Merely having the ability to sign that deal would go a long way toward clarifying his future with the Boston Celtics. At the moment, there's not too much cause to fret over ambiguous comments. Without a first-career All-NBA nod, he can only put pen to paper on an extension that nets him a 120 percent raise. It makes all the financial sense in the world for him to hit free agency in 2024.
That calculus changes with supermax eligibility. If he doesn't sign any sort of extension, or if the Celtics don't offer one, then Bostonians can start sweating it out. (As Bryan Toporek unpacked for Forbes, extension parameters could change in the new CBA. For now, though, Brown is better off prepping for free agency without supermax eligibility.)
Whether he even gets the opportunity to approach this crossroads is highly debatable. He needs to crack an All-NBA roster first. And it's not happening as a guard. The pool of candidates is too overwhelmingly deep. Stephen Curry, Luka Dončić, Shai Gilgeous-Alexander and Damian Lillard are all locks. De'Aaron Fox, Donovan Mitchell, Ja Morant, Devin Booker and James Harden, among others, will vie for the final two spots.

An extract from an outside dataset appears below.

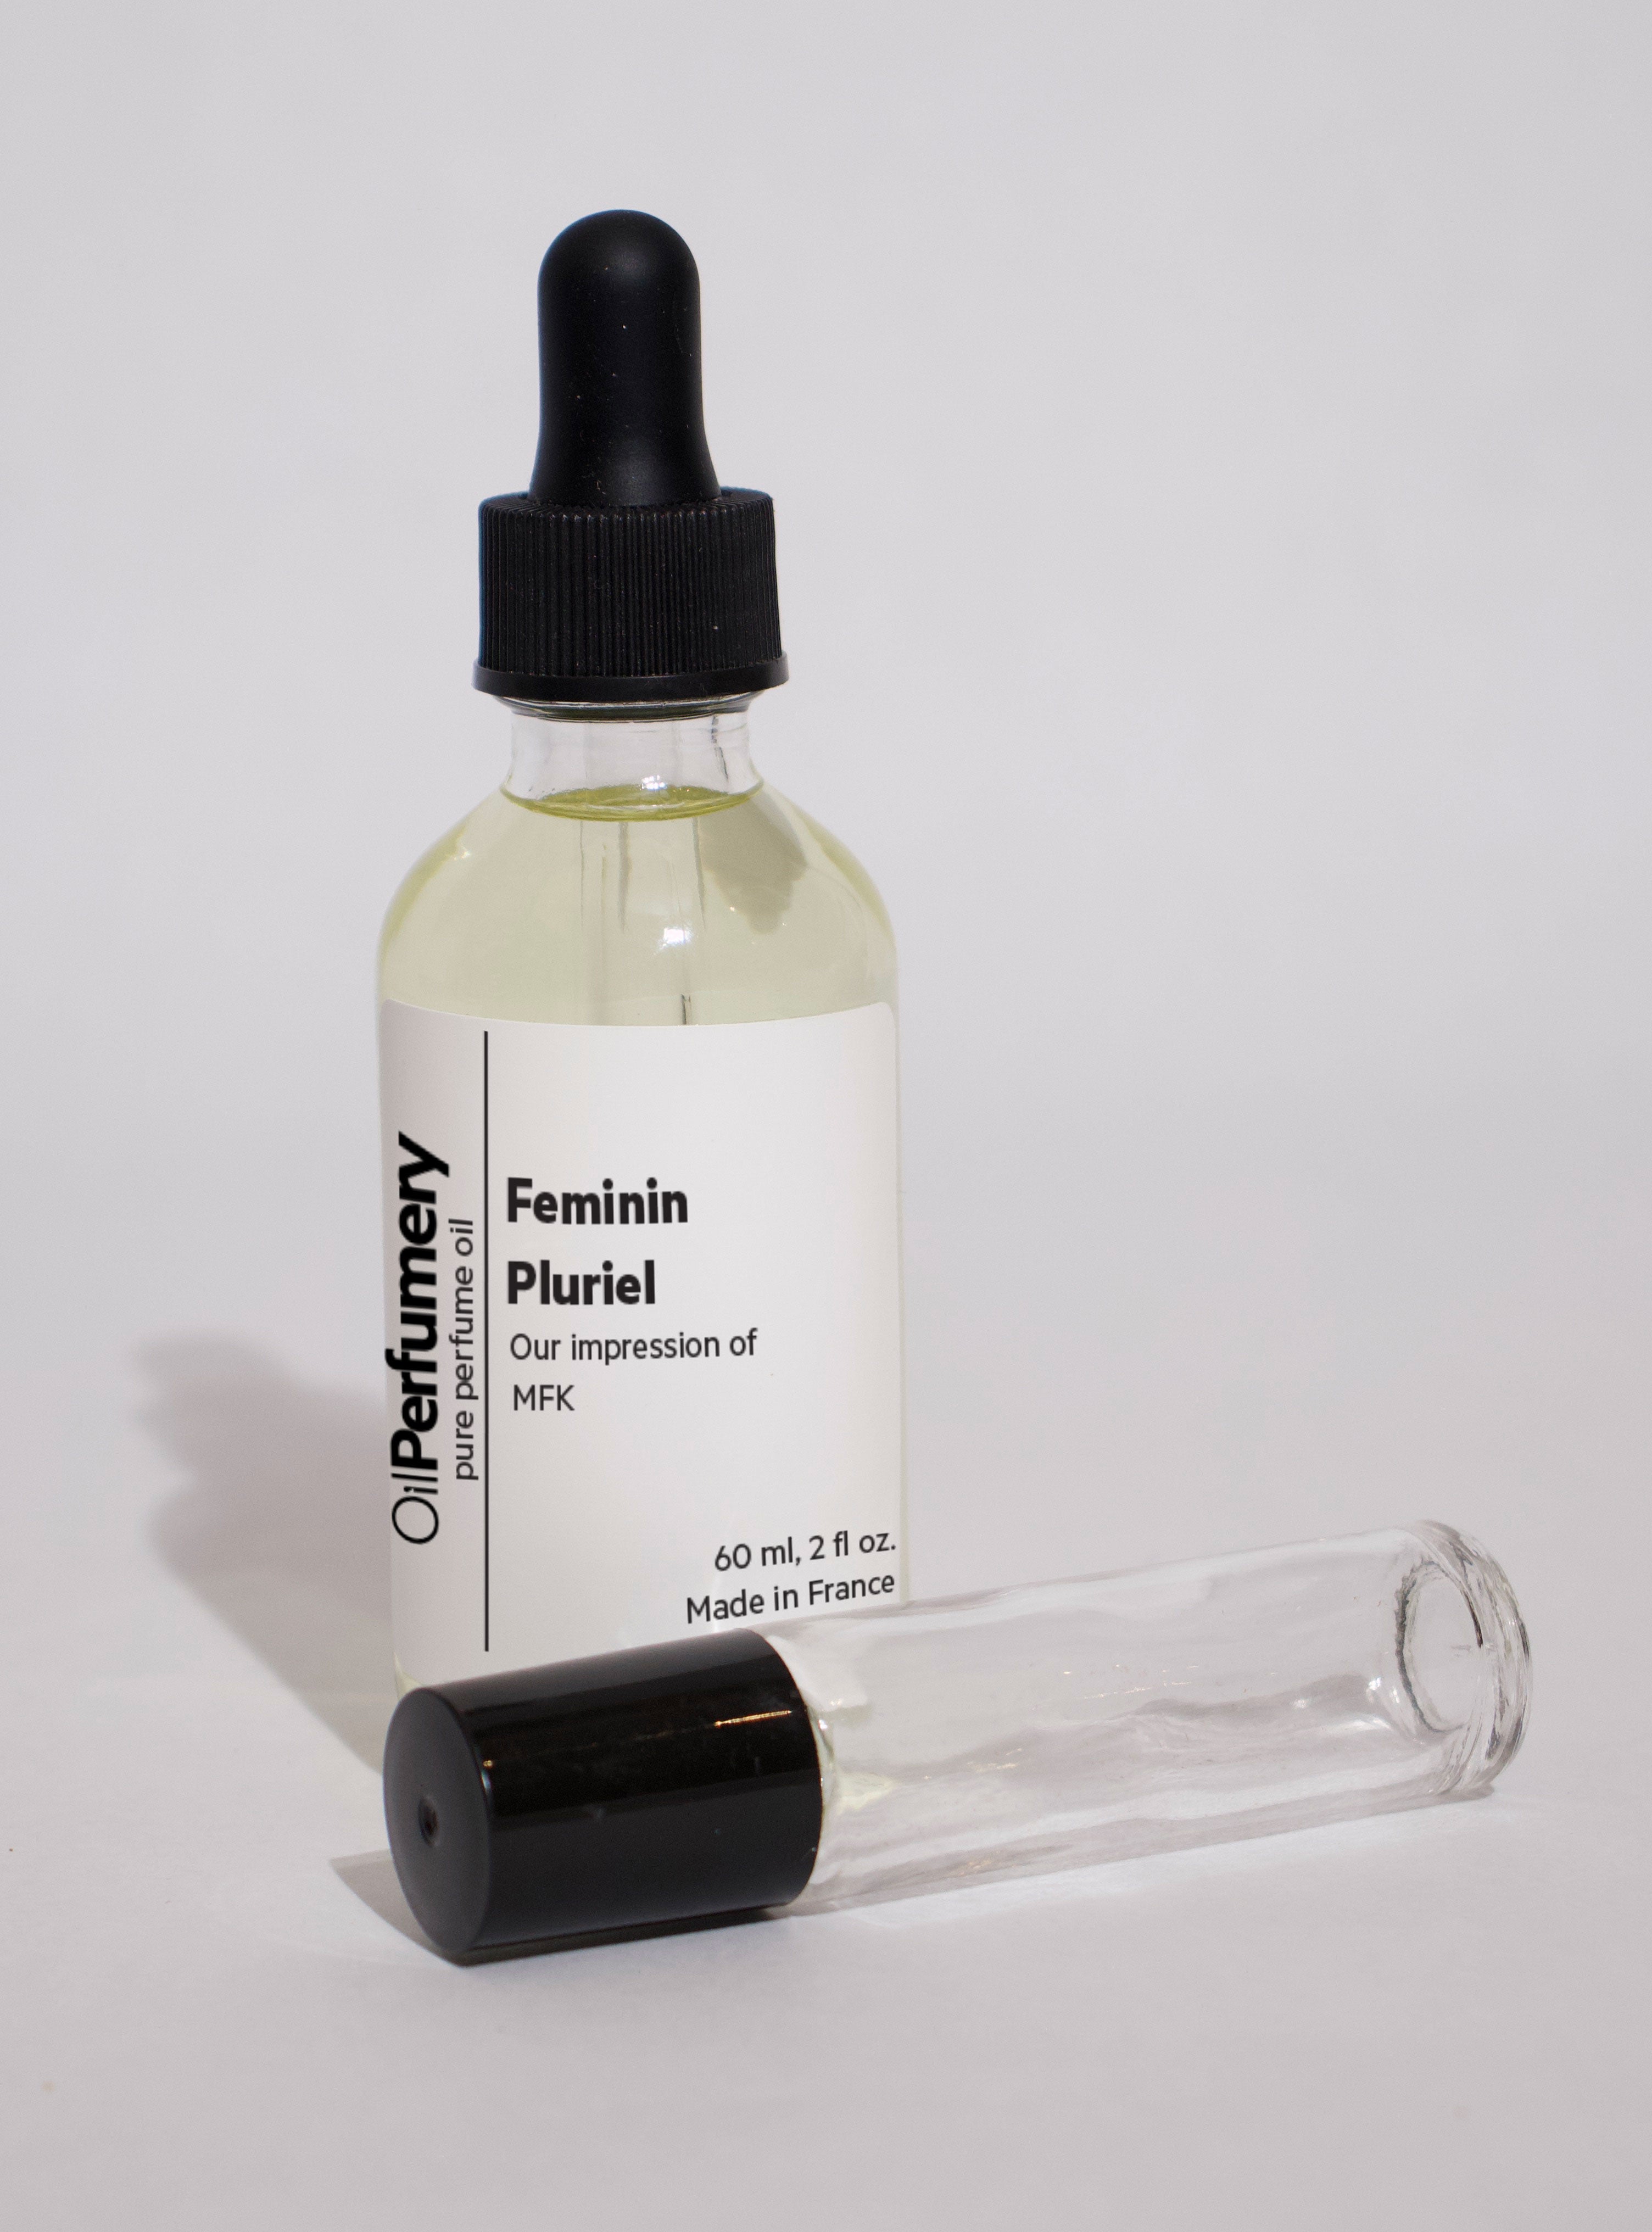 Oil Perfumery Impression of MFK - Feminin Pluriel

Fortunately for Brown, he'll be eligible at forward. (He has spent nearly 60 percent of his possessions at the 3.) That field is far more open.

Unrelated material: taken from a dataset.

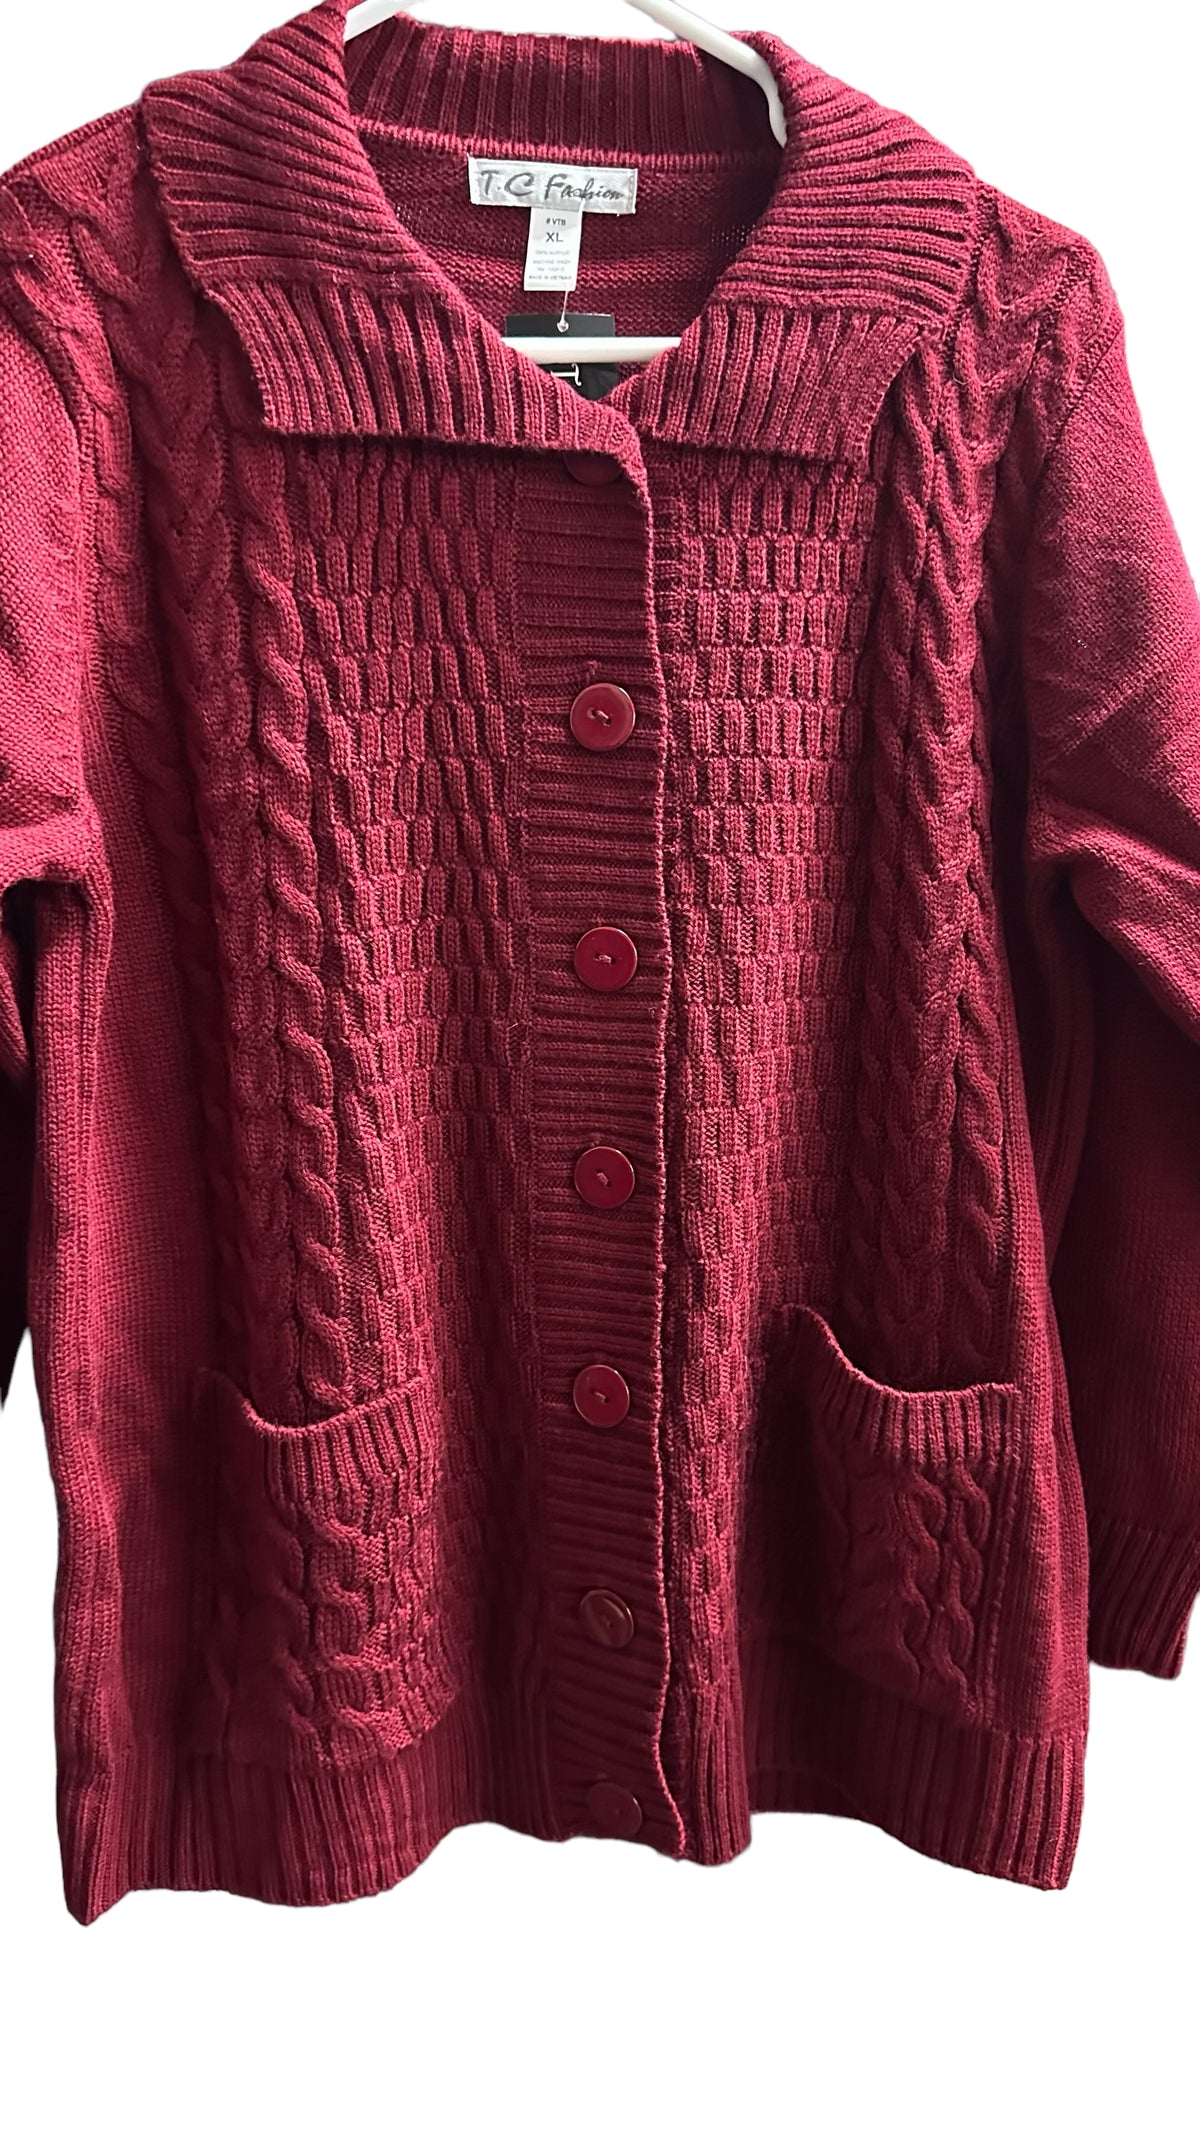 Knit cardigan sweaters

Giannis Antetokounmpo and Jayson Tatum are guaranteed to sew up two of the six slots. Extensive absences have thrown the rest of the ballot for a whirl. Kevin Durant, LeBron James and Kawhi Leonard are all on track to place outside the top 125 in total minutes played. Each of them could grab an All-NBA spot. Voters may also just settle on one—or none. (Zion Williamson isn't making the cut.)
Repressed cases for the usual names will help Brown's path to All-NBA. They won't guarantee it. Jimmy Butler, Pascal Siakam, Lauri Markkanen and Julius Randle would all like a word. The league has been known to fudge positional eligibilities, as well. What happens if Anthony Davis and/or Domantas Sabonis are allowed to be voted in as forwards?

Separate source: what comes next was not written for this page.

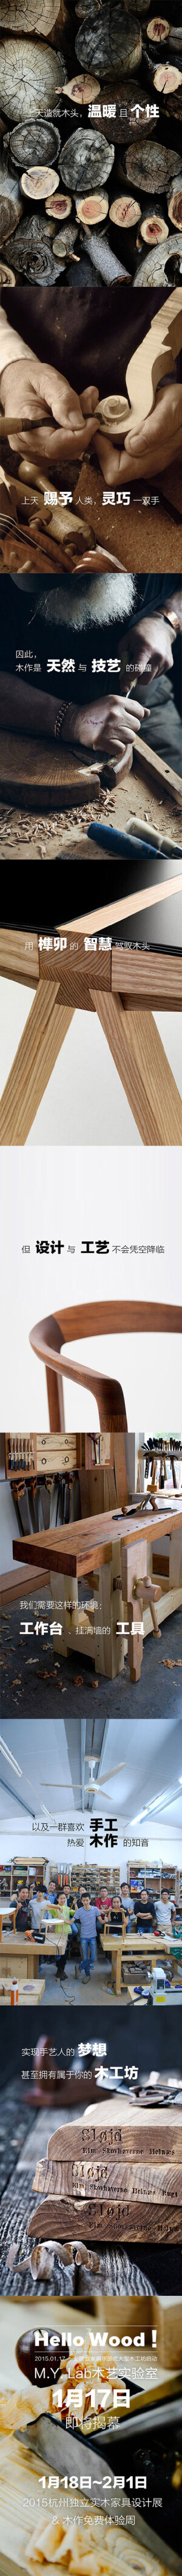 Hello Wood！1月17日，见证M.Y. Lab木艺实验室启动！1月18日~2月1日 2015杭州独立实木家具设计展。 |M.Y. Lab木艺实验室启动 &amp;amp; 2015杭州独立实木家具设计展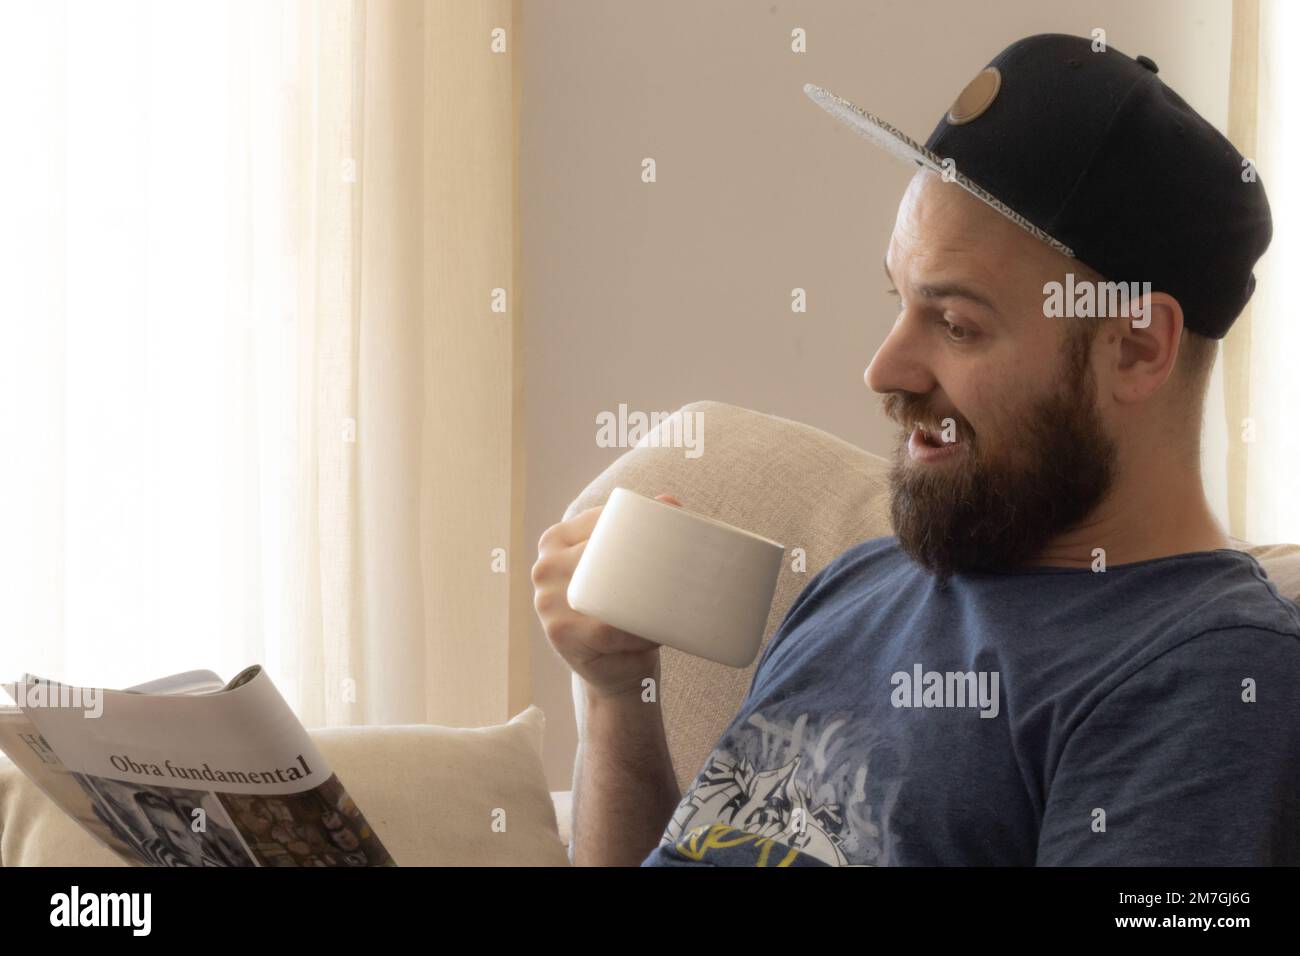 Caucasian bearded man drinking coffee Reading a magazine. "Obra fundamental" means fundamental work. Stock Photo

Brown's credentials are strong enough to withstand the minefield. He is averaging 26.7 points, 3.4 assists and 1.1 steals while downing 57.5 percent of his twos. His three-point clip has slumped below 35 percent, but he is connecting on 46.8 percent of off-the-dribble two-point jumpers—the second-highest mark of his career—and has never averaged more free-throw attempts per 36 minutes. His defensive responsibilities also scale higher than most of the dudes he'll be battling. Marcus Smart is the only Celtics player who spends more time guarding No. 1 and No. 2 options, according to BBall Index.
There's still too much season left for me to say I believe, with every fiber of my being, that Brown will make an All-NBA team. But his candidacy is convincing enough to roll the dice—especially if you think, as I do, voters will favor players who are extremely available and have extension money on the line.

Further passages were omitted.